Note that in y86 address is assigned by lines

So quad 0x00a .quad 0x0b0 .quad 0xc00 and

.quad 0x00a .quad 0x0b0 .quad 0xc00

are different.

# code section start at address 0x0
    .pos 0
code:

# stack set up
irmovq stack, %rsp

# entry of the program
main:
    irmovq src,%rdi
    irmovq dest,%rsi
    irmovq $3, %rcx
    call copy_block
    halt

copy_block:
    # initialize return value to 0
    irmovq $0 , %rax
    # set constants
    irmovq $0, %rbp
    irmovq $8, %rbx
    # jump to middle strategy
    jmp test
loop:
    mrmovq (%rdi),%rdx 
    addq %rbx,%rdi
    rmmovq %rdx,(%rsi)
    addq %rbx , %rsi
    xorq %rdx,%rax
    irmovq $1,%rdx
    subq %rdx,%rcx
test:
    subq %rbp , %rcx
    jg loop
    ret

# data section start at address 0x300
.pos 0x300
.align 8
# Source block 
src:
.quad 0x00a 
.quad 0x0b0 
.quad 0xc00
# Destination block
dest:
.quad 0x111 
.quad 0x222 
.quad 0x333

# stack grows from address 0x500 to 0x0 (should be limited at 0x300)
    .pos 0x500
stack:

Stopped in 40 steps at PC = 0x31.  Status 'HLT', CC Z=1 S=0 O=0
Changes to registers:
%rax:	0x0000000000000000	0x0000000000000cba
%rdx:	0x0000000000000000	0x0000000000000001
%rbx:	0x0000000000000000	0x0000000000000008
%rsp:	0x0000000000000000	0x0000000000000500
%rsi:	0x0000000000000000	0x0000000000000330
%rdi:	0x0000000000000000	0x0000000000000318

Changes to memory:
0x0318:	0x0000000000000111	0x000000000000000a
0x0320:	0x0000000000000222	0x00000000000000b0
0x0328:	0x0000000000000333	0x0000000000000c00
0x04f8:	0x0000000000000000	0x0000000000000031

Part B

You will be working in directory sim/seq in this part.

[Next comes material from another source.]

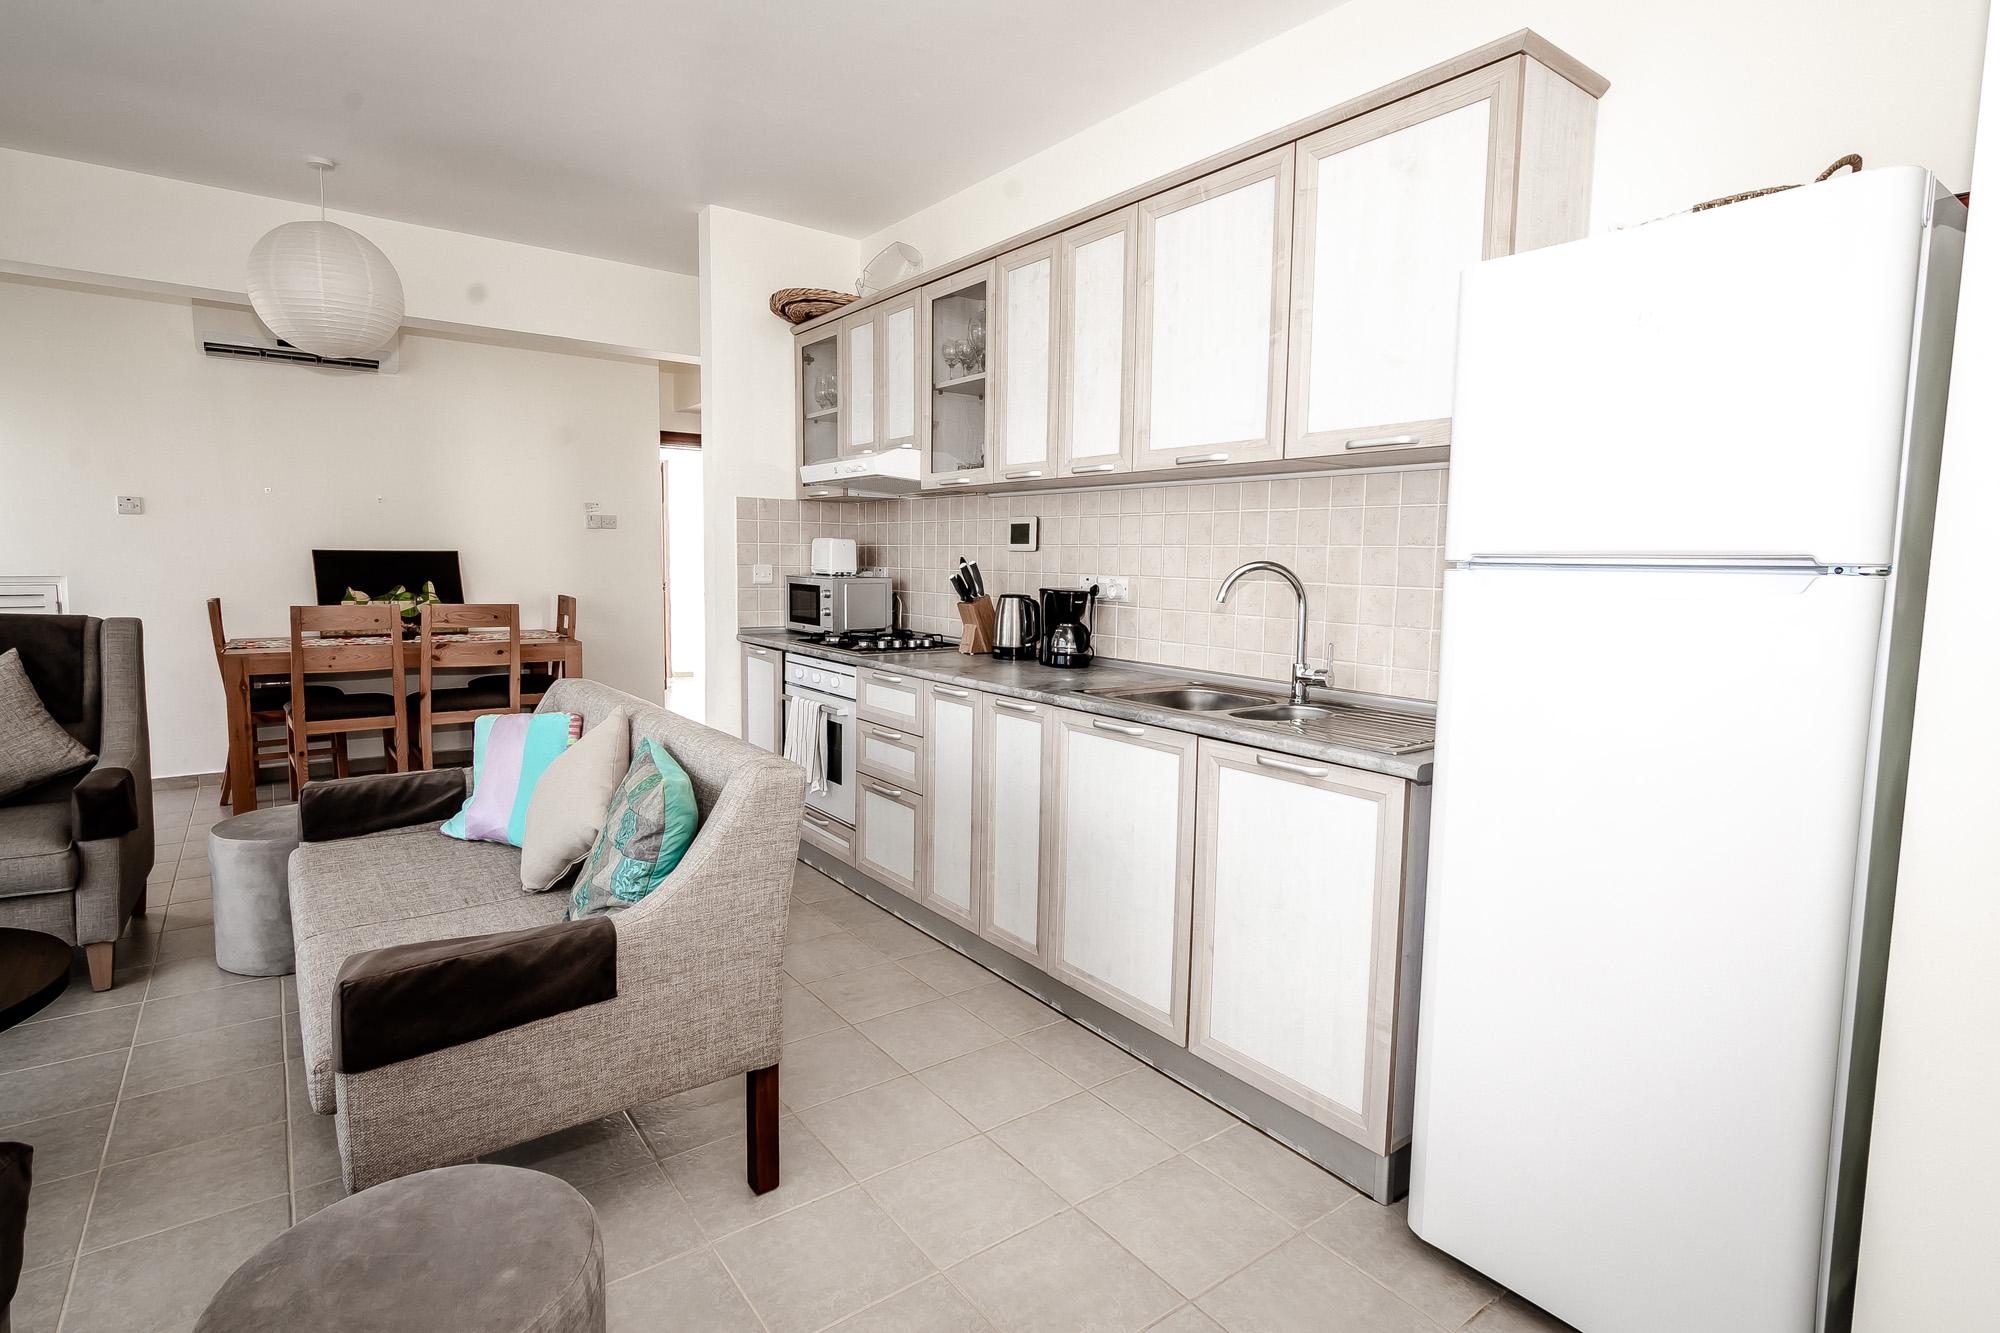 Apartment Joya Cyprus Moonlit Penthouse Apartment photo 19989120

Your task in Part B is to extend the SEQ processor to support the iaddq

To add this instructions, you will modify the file seq-full.hcl, which implements the version of SEQ described in the CS:APP3e textbook. In addition, it contains declarations of some constants that you will need for your solution.

Your HCL file must begin with a header comment containing the following information:

Your name and ID.
A description of the computations required for the iaddq instruction. Use the descriptions of irmovq and OPq in Figure 4.18 in the CS:APP3e text as a guide.

Building and Testing Your Solution

you will need to build a new instance of the SEQ simulator (ssim) based on this HCL file, and then test it

Build

1	$ make VERSION=full

(This builds a version of ssim that uses the control logic you specified in seq-full.hcl. To save typing, you can assign VERSION=full in the Makefile.)

Test

Testing your solution on a simple Y86-64 program.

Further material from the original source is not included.